Basic Introduction

Procaine hydrochloride is a pharmaceutical medication belonging to the aminoester group of local anesthetics. German chemist Alfred Einhorn first synthesized the drug as a safer anesthetic alternative to cocaine due to its side effect profile, patenting Procaine hydrochloride under the trade name “Novocain,” and even today, Procaine hydrochloride is often labeled generically as “novocaine” in some parts of the world. Historically, Procaine hydrochloride has been used for local, regional, and neuraxial anesthesia via local infiltration, peripheral nerve blockade, and intrathecal injection.

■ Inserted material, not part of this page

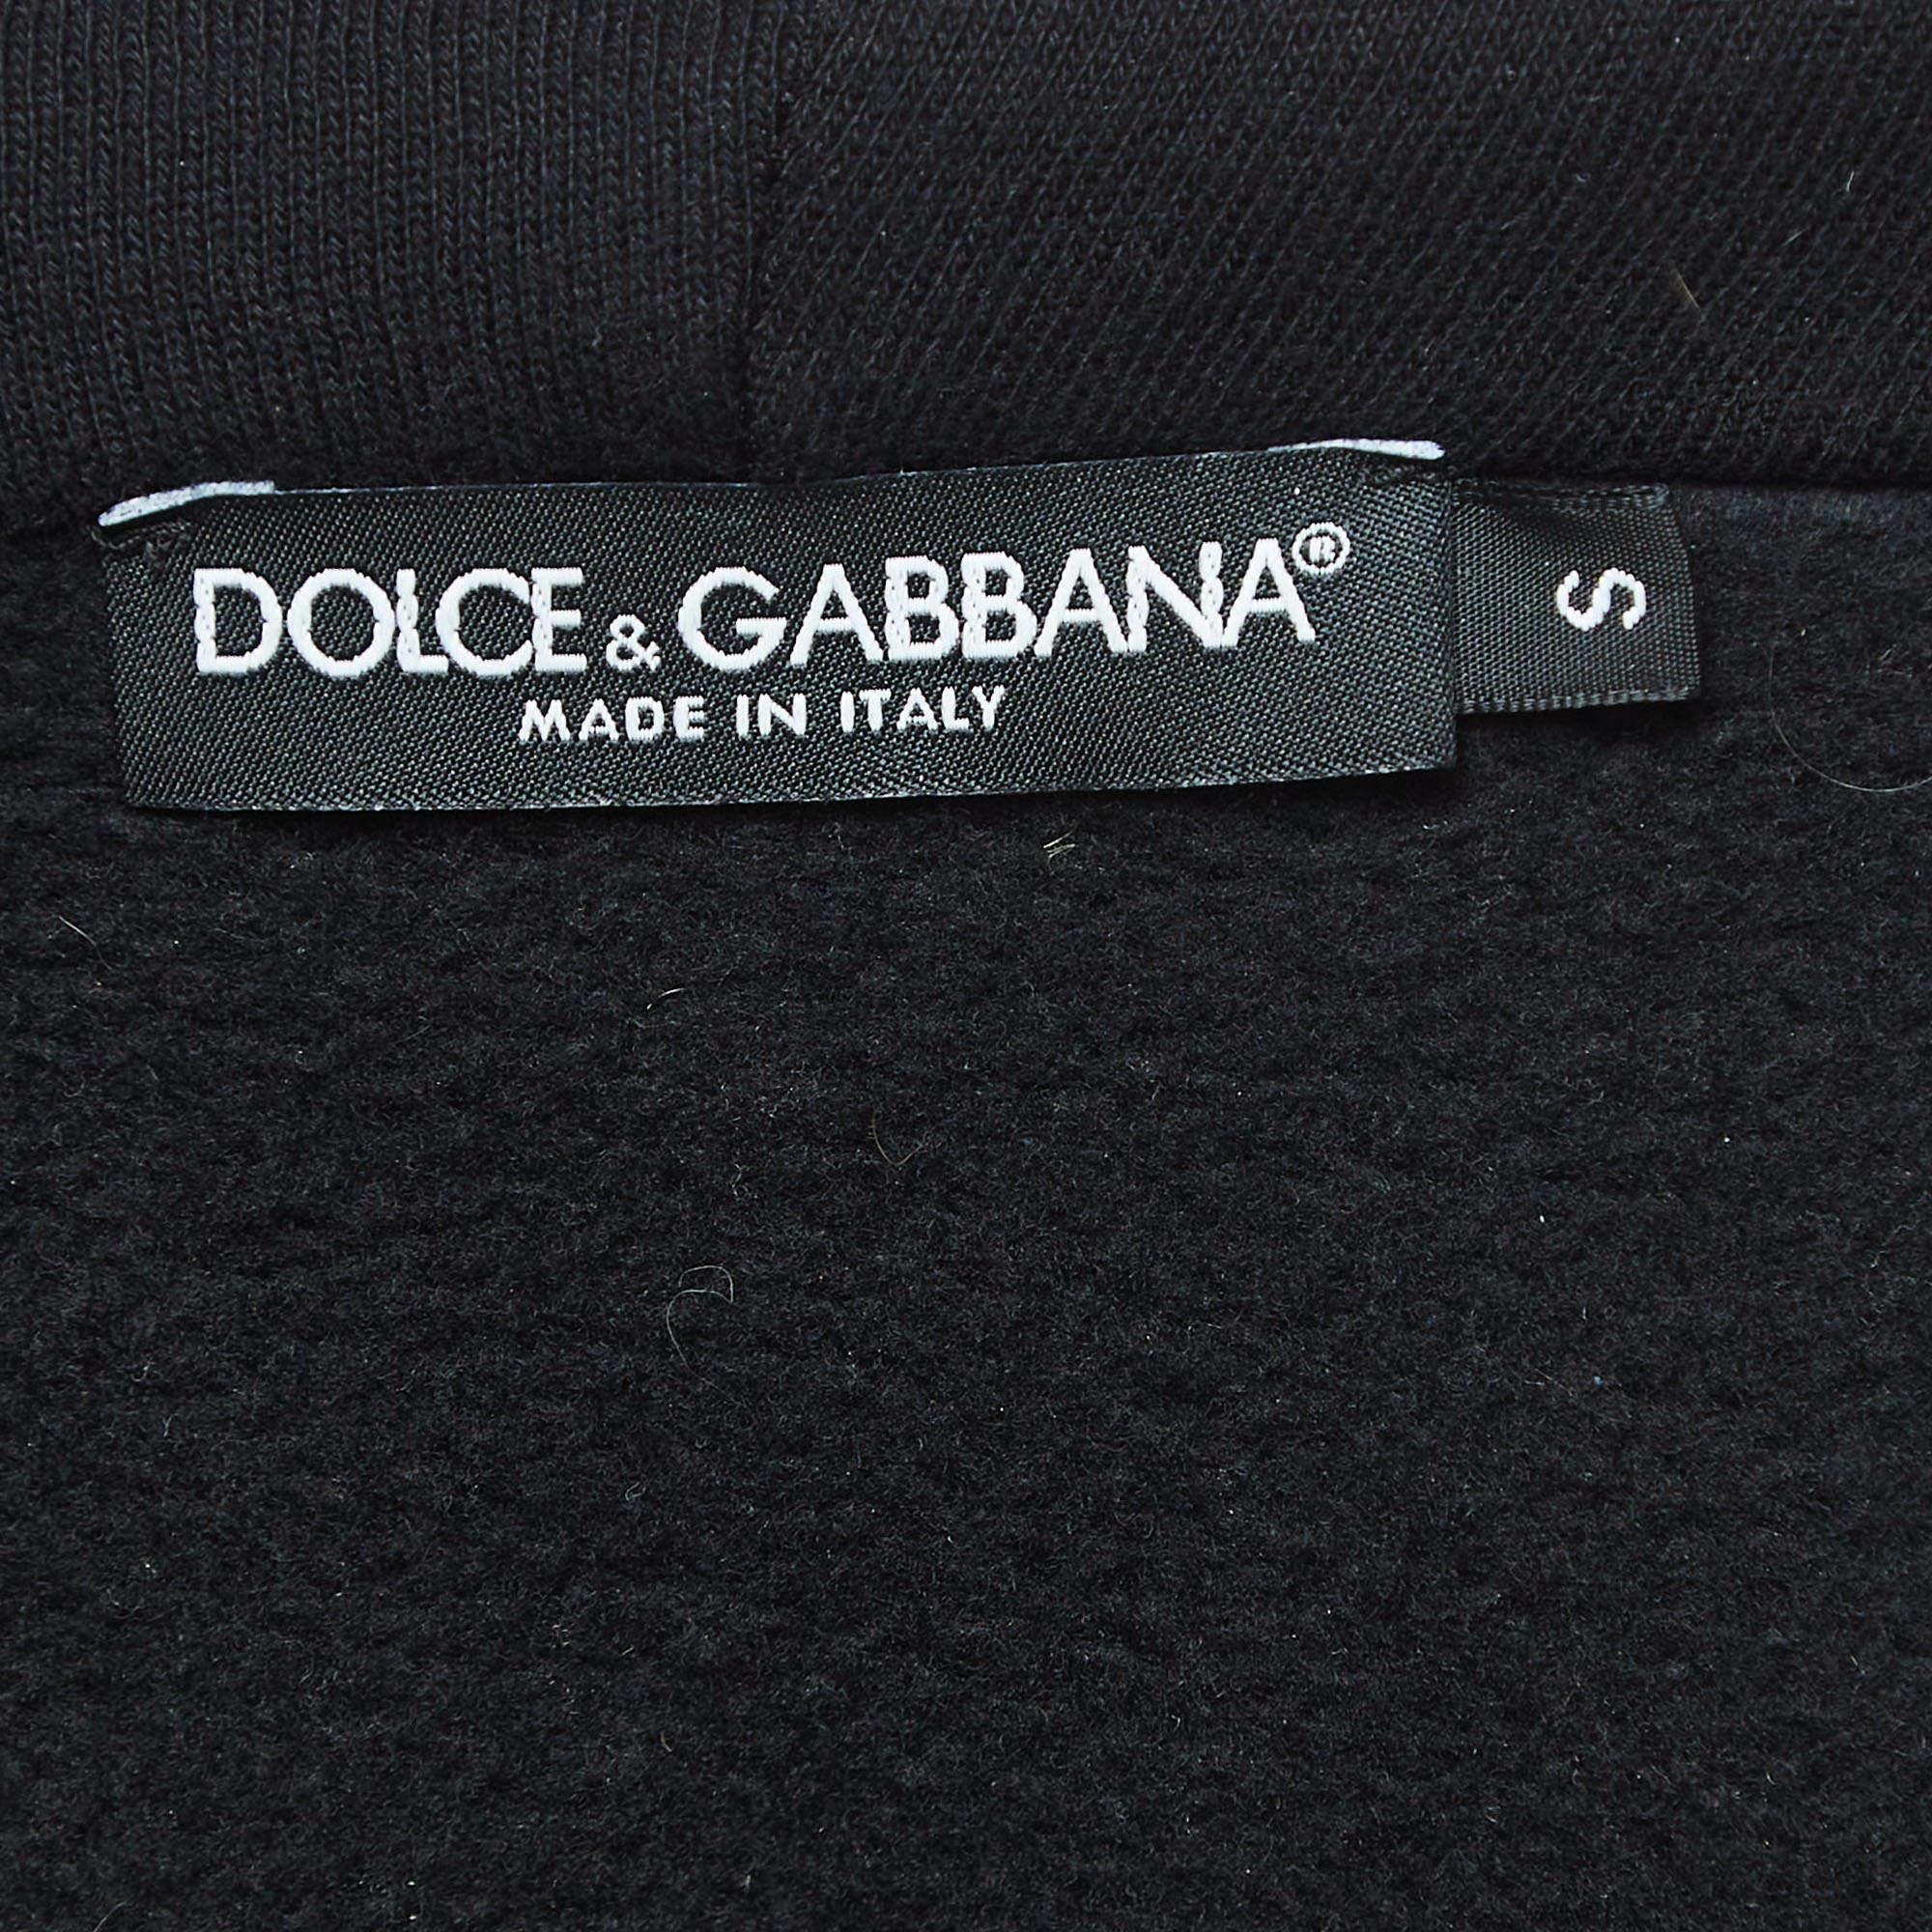 Dolce & Gabbana Black Graphic Print Cotton Blend Hoodie S In Good Condition For Sale In Dubai, Al Qouz 2
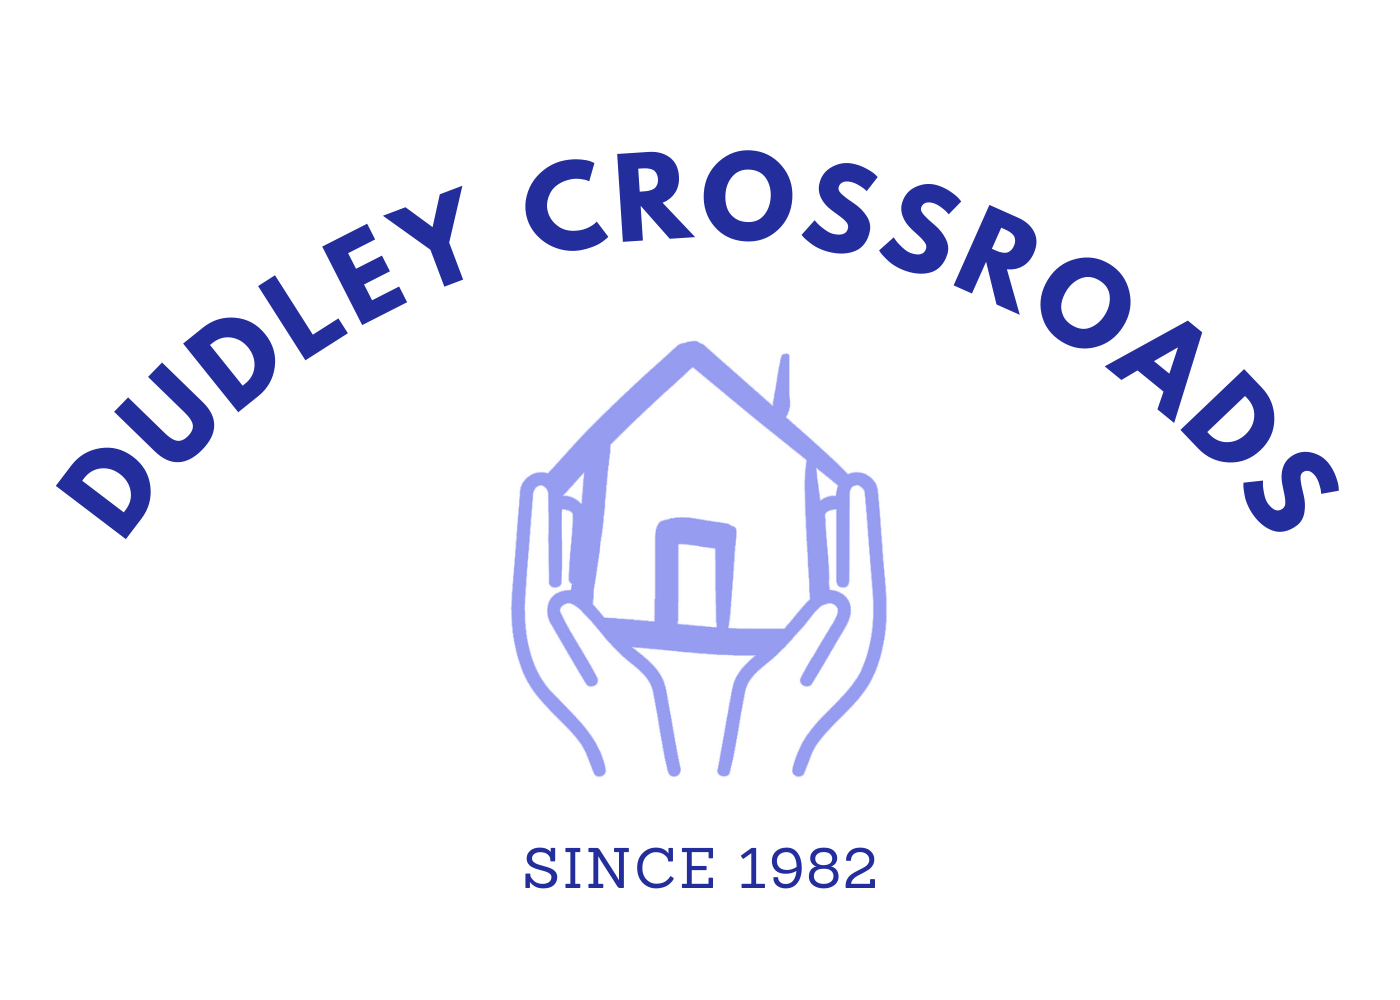 Dudley Crossroads

Since its development, however, newer local anesthetics such as lidocaine, bupivacaine, and mepivacaine have largely supplanted the use of Procaine hydrochloride in everyday practice.

Between 1946 and 1956, Ana Aslan described a significant number of Procaine hydrochloride beneficial actions exerted on cellular functions and metabolism, following long-term treatment in low doses, highlighting its “rejuvenating” effects, and developed Gerovital H3 (GH3)—an original Procaine hydrochloride-based pharmaceutical formulation. Due to these findings, Procaine hydrochloride which was known only for its anesthetic properties became one of the most disputed medical developments of the sixties and seventies in the field of “anti-aging” therapy. Procaine hydrochloride is part of the history of medicine and gerontoprophylaxis, an old-timer of clinical practice, but still a molecule with great potential which continues to reveal new biological and pharmacological effects within novel experimental approaches. [1]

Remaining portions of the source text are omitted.